The application is very complex; it is some kind of conversion tool for open street map data of huge sizes (the whole world) and converts it into a map file for our own route planning software. The converter application for example holds the nodes in the open street map with their coordinate and all its tags (a lot of more than that, but this should serve as an example in this question).
Current situation:
Because this data is very huge, I split it into several files: Each file is a map from an ID to an atomic value (let's assume that the list of tags for a node is an atomic value; it is not but the data storage can treat it as such). So for nodes, I have a file holding the node's coords, one holding the node's name and one holding the node's tags, where the nodes are identified by (non-continuous) IDs.
The application once was split into several applications. Each application processes one step of the conversion. Therefore, such an application only needs to handle some of the data stored in the files. For example, not all applications need the node's tags, but a lot of them need the node's coords. This is why I split the relations into files, one file for each "column".
Each processing step can read a whole file at once into a data structure within RAM. This ensures that lookups can be very efficient (if the data structure is a hash map).
I'm currently rewriting the converter. It should now be one single application. And it should now not use separated files for each "column". It should rather use some well-known architecture to hold external data in a relational manner, like a database, but much faster.
=> Which library can provide the following features?
Requirements:
It needs to be very fast in iterating over the existing data (while not modifying the set of rows, but some values in the current row).
It needs to provide constant or near-constant lookup, similar to hash maps (while not modifying the whole relation at all).
Most of the types of the columns are constantly sized, but in general they are not.
It needs to be able to append new rows to a relation in constant or logarithmic time per row. Live-updating some kind of search index will not be required. Updating (rebuilding) the index can happen after a whole processing step is complete.
Some relations are key-value-based, while others are an (continuously indexed) array. Both of them should provide fast lookups.
It should NOT be a separate process, like a DBMS like MySQL would be. The number of queries will be enormous (around 10 billions) and will be totally the bottle neck of the performance. However, caching queries would be a possible workaround: Iterating over a whole table can be done in a single query while writing to a table (from which no data will be read in the same processing step) can happen in a batch query. But still: I guess that serializing, inter-process-transmitting and de-serializing SQL queries will be the bottle neck.
Nice-to-have: easy to use. It would be very nice if the relations can be used in a similar way than the C++ standard and Qt container classes.
Non-requirements (Why I don't need a DBMS):
Synchronizing writing and reading from/to the same relation. The application is split into multiple processing steps; every step has a set of "input relations" it reads from and "output relations" it writes into. However, some steps require to read some columns of a relation while writing in other columns of the same relation.

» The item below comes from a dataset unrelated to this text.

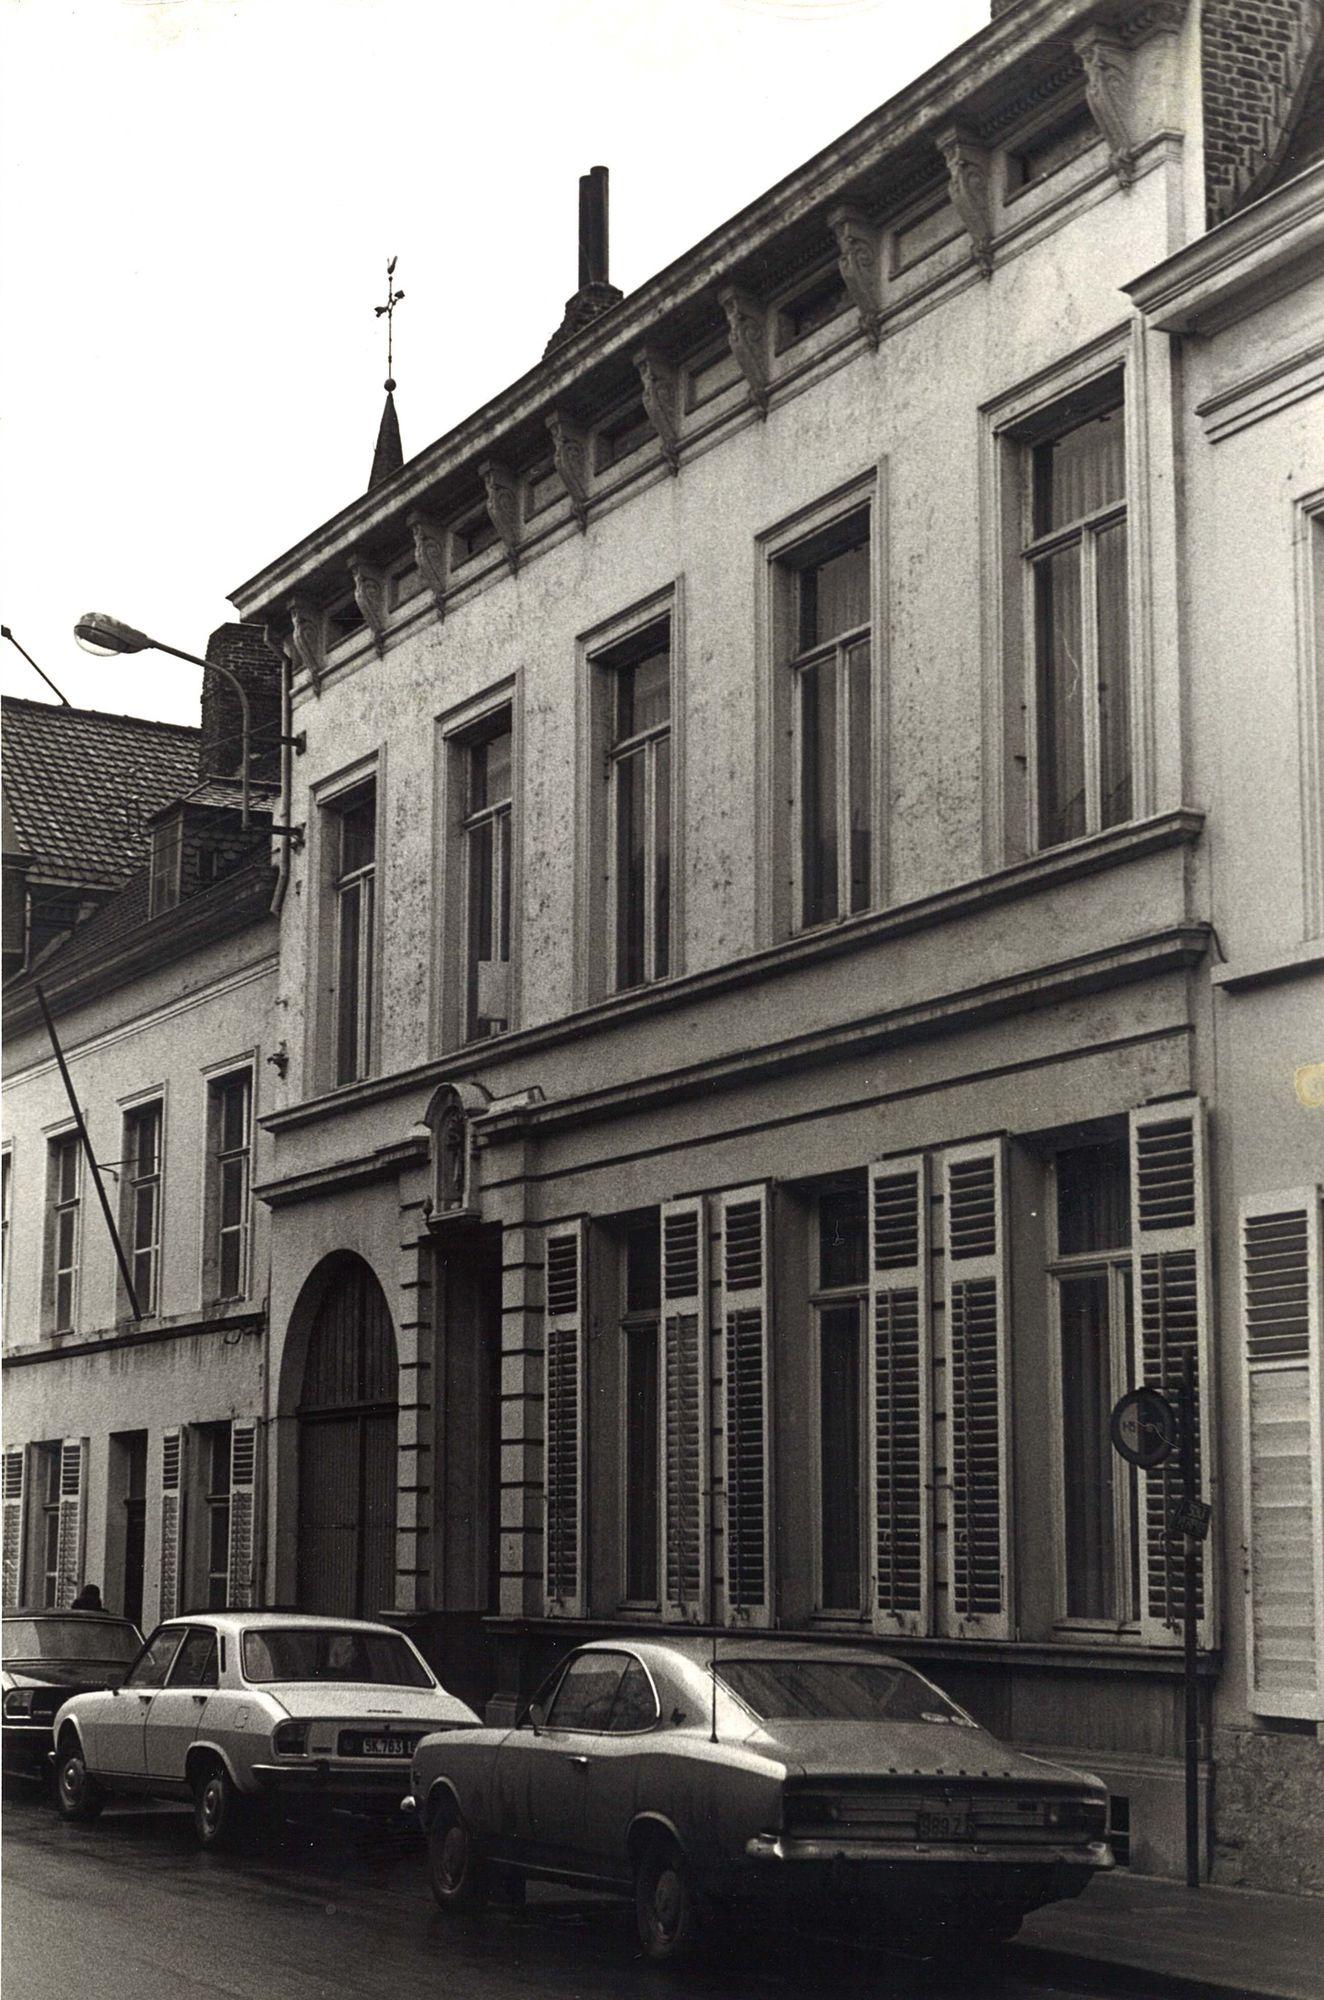 Groeningestraat 5

Joining relations. There are a few cross-references between different relations, however, they can be resolved within my application if lookup is fast enough.
Persistent storage. Once the conversion is done, all the data will not be required anymore.
The key-value-based relations will never be re-keyed; the array-based relations will never be re-indexed.
I can think of several possible solutions depending on lots of factors that you have not quantified in your question.
If you want a simple store to look things up and you have sufficient disk, SQLite is pretty efficient as a database. Note that there is no SQLite server, the 'server' is linked into your application.
Personally this job smacks of being embarrassingly parallel. I would think that a small Hadoop cluster would make quick work of the entire job. You could spin it up in AWS, process your data, and shut it down pretty inexpensively.